Quand j’ai entendu parler de ce livre, le deuxième roman de Phoebe Hadjimarkos Clarke, ma curiosité a immédiatement été attisée. C’est l’histoire de Fauvel, une femme qui, la vie en vrac après avoir été éborgnée lors d’une manifestation, quitte temporairement la ville pour la campagne française. L’objectif : garder pendant quelques semaines la chienne du père d’une amie et profiter du calme environnant. Cette chienne, Hannah, est toutefois un peu spéciale : c’est une clone de Hannah (l’originale), dont le cadavre empaillé orne le salon. Si leurs physiques sont identiques, leurs caractères diffèrent. C’est en effet peu dire que Hannah (la clone) est très indépendante et volontiers menaçante. Comme si ça ne suffisait par pour troubler ce qui devait être une retraite paisible, les activités d’un troupeau de chasseurs dans les environs ne sont pas de nature à rassurer Fauvel.
Compte tenu des aspects sociaux abordés par le roman et des lieux dans lesquels l’histoire se déroule (la campagne un peu isolée, un peu réac et occupée par des chasseurs tout puissants), je n’ai pas pu m’empêcher de penser à Minuit dans le siècle, un podcast consacré à la décortication du fascisme, en particulier à son épisode 20 que je pose ici : Aux sources du vote FN/RN (2) : concurrences et solidarités dans les campagnes en déclin. Quant à l’intervention dans cette histoire d’un jeune sociologue revenu au village pour enquêter sur des témoignages d’enlèvements extraterrestres, elle ajoute une dose de bizarre à ce roman qui n’est pas sans m’en rappeler un autre, qui lui aussi traite de sociologie, d’enlèvements extraterrestres (?) et de fascisme : OVNI 78 du collectif Wu Ming. Aliène, toutefois, s’attarde davantage sur la violence proprement masculine et se passe - à peu de choses près - de nos jours, dans un contexte post-gilets jaunes. Il traite aussi explicitement, crûment, de la condition animale, ce qui pourrait bien en faire un roman vegan.

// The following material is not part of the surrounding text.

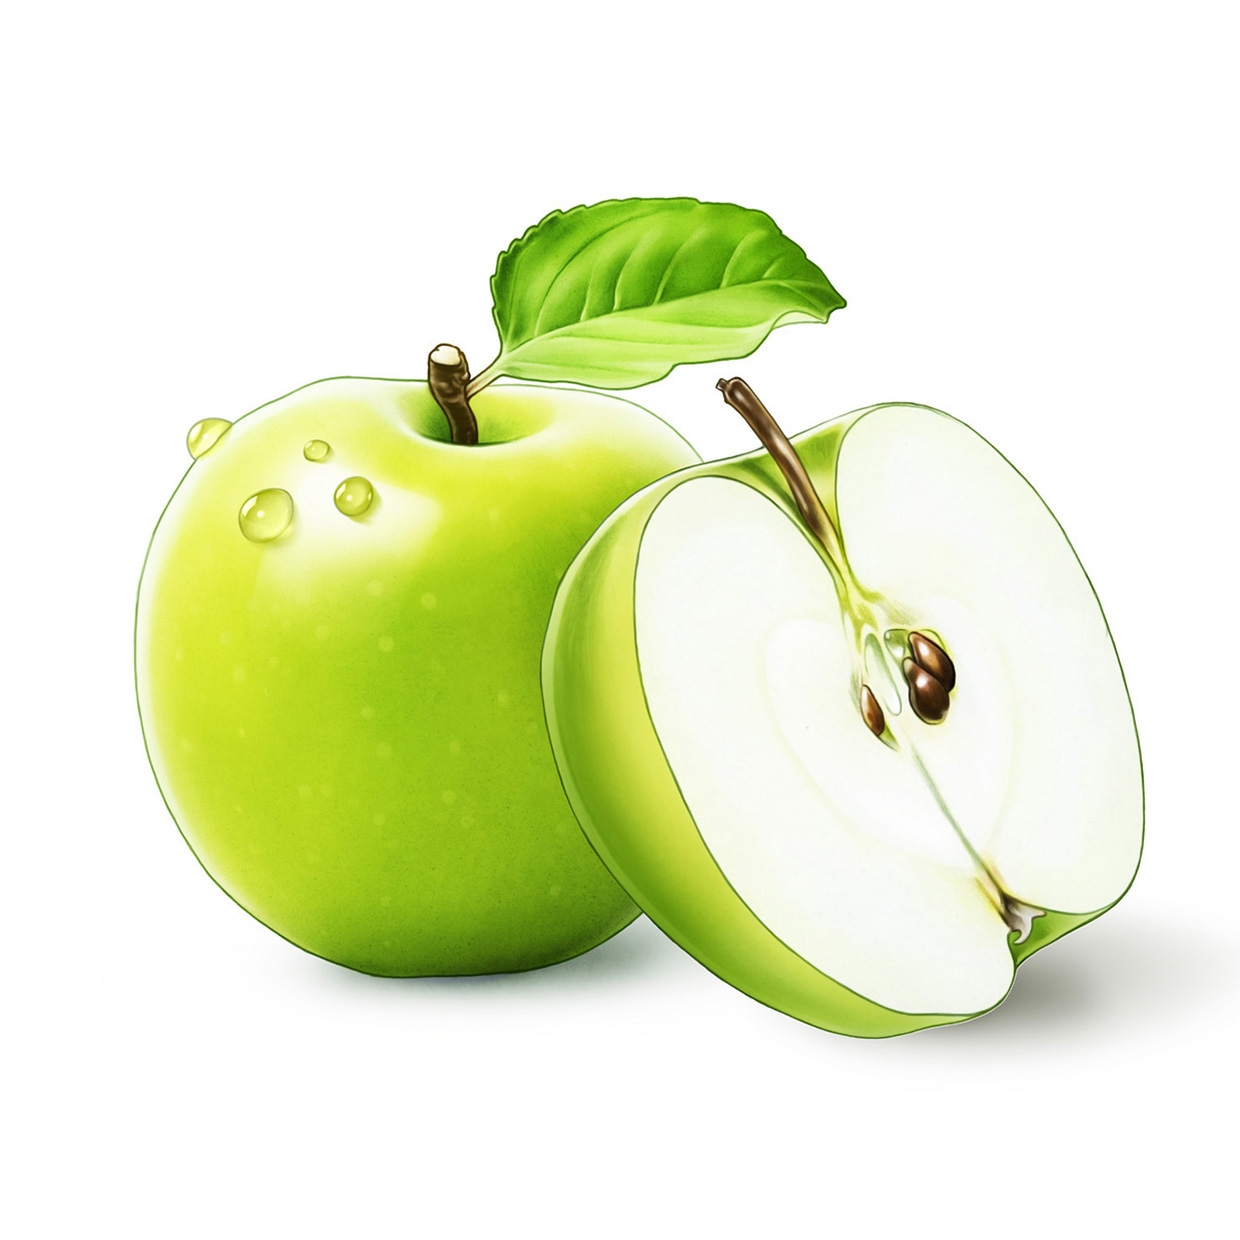 Apple for läkerol lozenge package Malus domestica äppelsmak äpple blad växt

Par son écriture, Phoebe Hadjimarkos Clarke arrive à rendre tangibles les environnements et les corps, ce qui n’est pas sans donner une dimension supplémentaire à Aliène. Tout cela en fait un roman bizarre, sec et violent, mais aussi touchant par certains abords, notamment la relation qui se noue entre Fauvel et Hannah. En gros, c’est un roman qui m’a beaucoup plu et qui m’a donné envie de suivre la carrière de cette autrice. Je commencerai par essayer de me procurer Tabor, son premier livre sorti en 2021.